An online seminar a few months ago gathered CCOs together to talk about advising corporate boards on issues of ESG (environment, social, governance) messaging, corporate purpose and related topics. I was interested because I am doing research on the PR capacity on corporate boards, because so many of the issues in PR—CSR, ESG, DEI etc—are being discussed by PR academics and professionals.

The outtake from this meeting was that ESG may need a new name because of the pushback being felt from consumers, investors and others in corporate America. An interesting concept was that any time something has three letters and becomes an acronym it is ripe for pejorative connotations. Using two words such as ‘corporate purpose’ is harder to misunderstand or misrepresent, and that is what one participant advocated. In other words, change the nomenclature but consider the practice.
The bottom line for these CCOs advising large corporate boards, beyond ensuring they had and could articulate a corporate purpose, was to consider two things.
- Employee Expectations: How does the board address any disconnects between corporate priorities, or values, and the employee experience?
- CEO Voice: Are protocols in place to ensure that the CEO can speak with authenticity, credibility, and conviction, in real-time, on topics that are germane to the interests of the business and its employees?
I agree with that. Proclaiming a purpose and expecting compliance from all employees is authoritarian, not genuine. CEOs speaking out can backfire or offend or be seen as shameless piggybacking on what is perceived to be the popular sentiment on cultural issues.
I’ve written about this before in a post advocating for neutrality in most cases, and also noting that the emphasis on social branding has led to an anti-woke corporate response to woke corporate messaging.
So I was intrigued recently to see an academic journal article addressing the unethical practice of asserting vs dialogue by organizations on social issues. The article was a case study on Larry Fink of Blackrock, an investment services and financial management firm, and his annual letter to CEOs, which leaves everyone trembling to obey because Blackrock owns ⅓ of all outstanding shares of major companies.
I had thought about the appropriateness of the annual Fink letter when I first heard about it at a different conference of CCOs a few years ago. Should so many organizations respond in sync to the opinions asserted by one powerful man or company?
The journal article addressed this directly. “Public relations, activism, and the culture of assertion: The case study of Blackrock’s Larry Fink and the Letter to the CEOs”, written by Joshua Foust and Burton St. John III of the University of Colorado-Boulder, was published in late December in theJournal of Public Relations Inquiry.
Fundamental PR is about two-way symmetrical relationships, mutual benefit for all publics or stakeholders, dialogue and listening. But in this article the authors note an increase in raw assertion and a disdain for dialogic speech. They conclude that “Fink uses his letter to shape shareholder views and actions, using the power of his position rather than facts either as a result of dialogue or to spark dialogue.”
So an academic article comes to the same conclusion I did when I first heard about the annual letter from Blackrock.

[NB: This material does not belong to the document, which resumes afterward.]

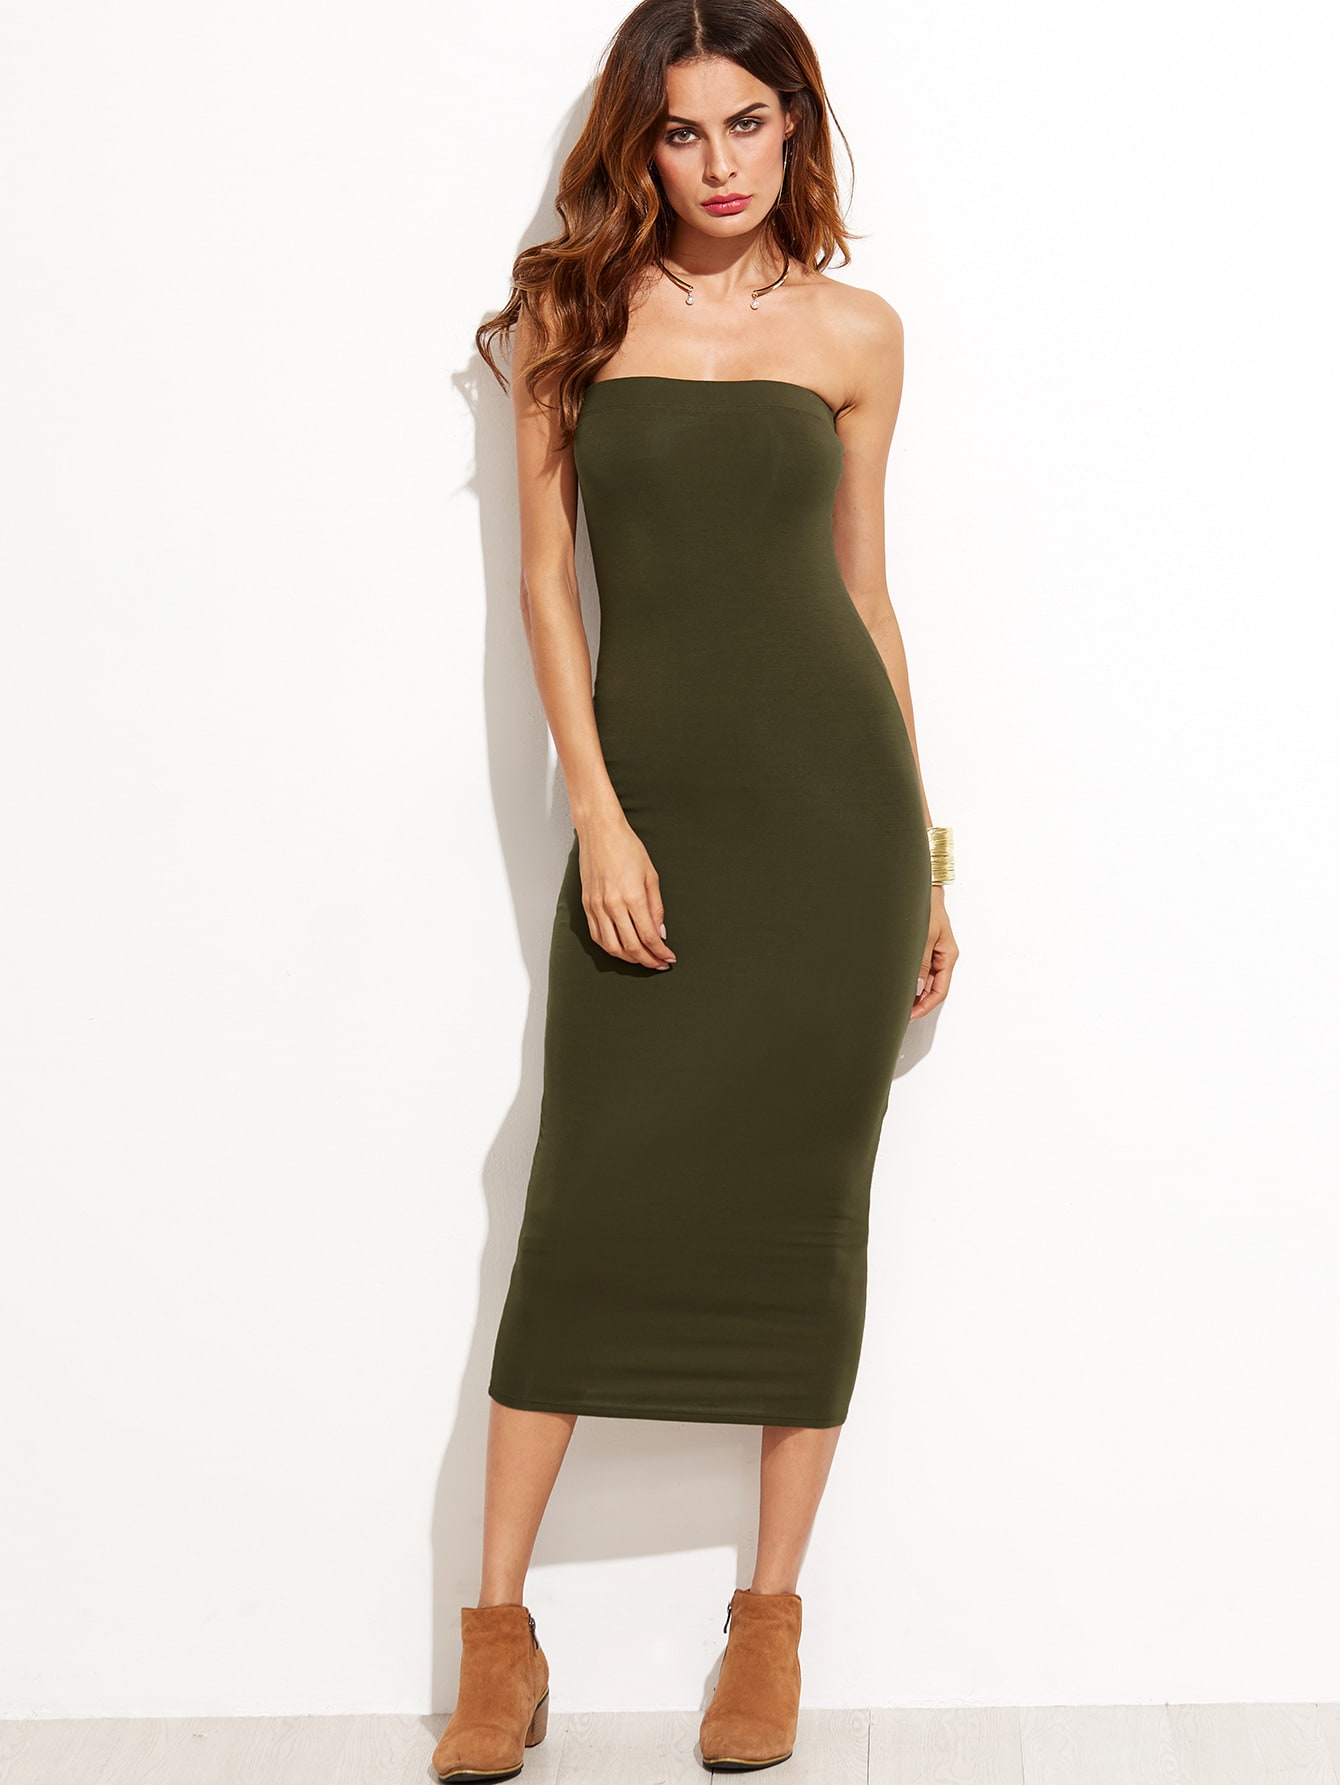 3d6d1a1ed7ebe4 Army Green Sheath Tube Dress EmmaCloth-Women Fast Fashion ...

I then got to thinking that this “culture of assertion” is at the root of a problem I have both as a citizen and a public relations academic. We see an increase in assertive statements in our culture recently. Consider several assertions:
- “The vaccine is safe and effective.”
- “Whites need to acknowledge their privilege.”
- “It was the most fair election in history.”
The above statements, relative to the Covid pandemic, the spread of a specific DEI ideology, and questions about irregularities in the 2020 election are ubiquitous and assertive. But what’s worse is that responses to the contrary have been de-platformed or labeled as “disinformation.”
But in recent months the problem of assertion has been exposed. Now data is coming out and even Anthony Fauci, who once proclaimed “I am science,” has acknowledged they got things wrong about the origin of covid, the nature of its spread, and the efficacy of the vaccine. A growing chorus of Black intellectuals are opposing the “oppressor-victim” binary in explaining the scope, causes and solutions to racism and equality. Independent journalism and court cases have been showing that there were numerous incidents of fraud and suspicious activity in the last presidential election.
Journalists like Michael Shellenbarger, Matt Taibi, Bari Weiss and others through their work with the Twitter files, FOIA requests and other investigative journalism have been exposing the deception behind this culture of assertion. They have another name for it in their writing and in Congressional testimony: “the censorship industrial complex.”
Being assertive can be seen as laudatory, associated with positive adjectives like strong, confident, certain, competent. But assertion can also violate fundamental ethics of public relations practice and principles of democracy.
Ethicists talk about what makes an occupation a “profession.” The answer is that it has a valuable service to society at large. What is the “role morality” of publics relations? It is simply enabling informed decision-making in a democratic society. And people can not make informed decisions without all the information.
Asserting one’s own perspective and silencing opposing views is clearly toxic and should be confronted.
I’ll confront the culture of assertion by re-asserting some long-standing and valuable principles vital to democracy and consonant with ethical public relations practice: pluralism, marketplace of ideas, mutual understanding, discourse ethics, dialogic communications, engagement, empowerment, and listening.
There is a lot of talk in this election year about “threats to democracy.” Let us not let the public relations profession be one of them.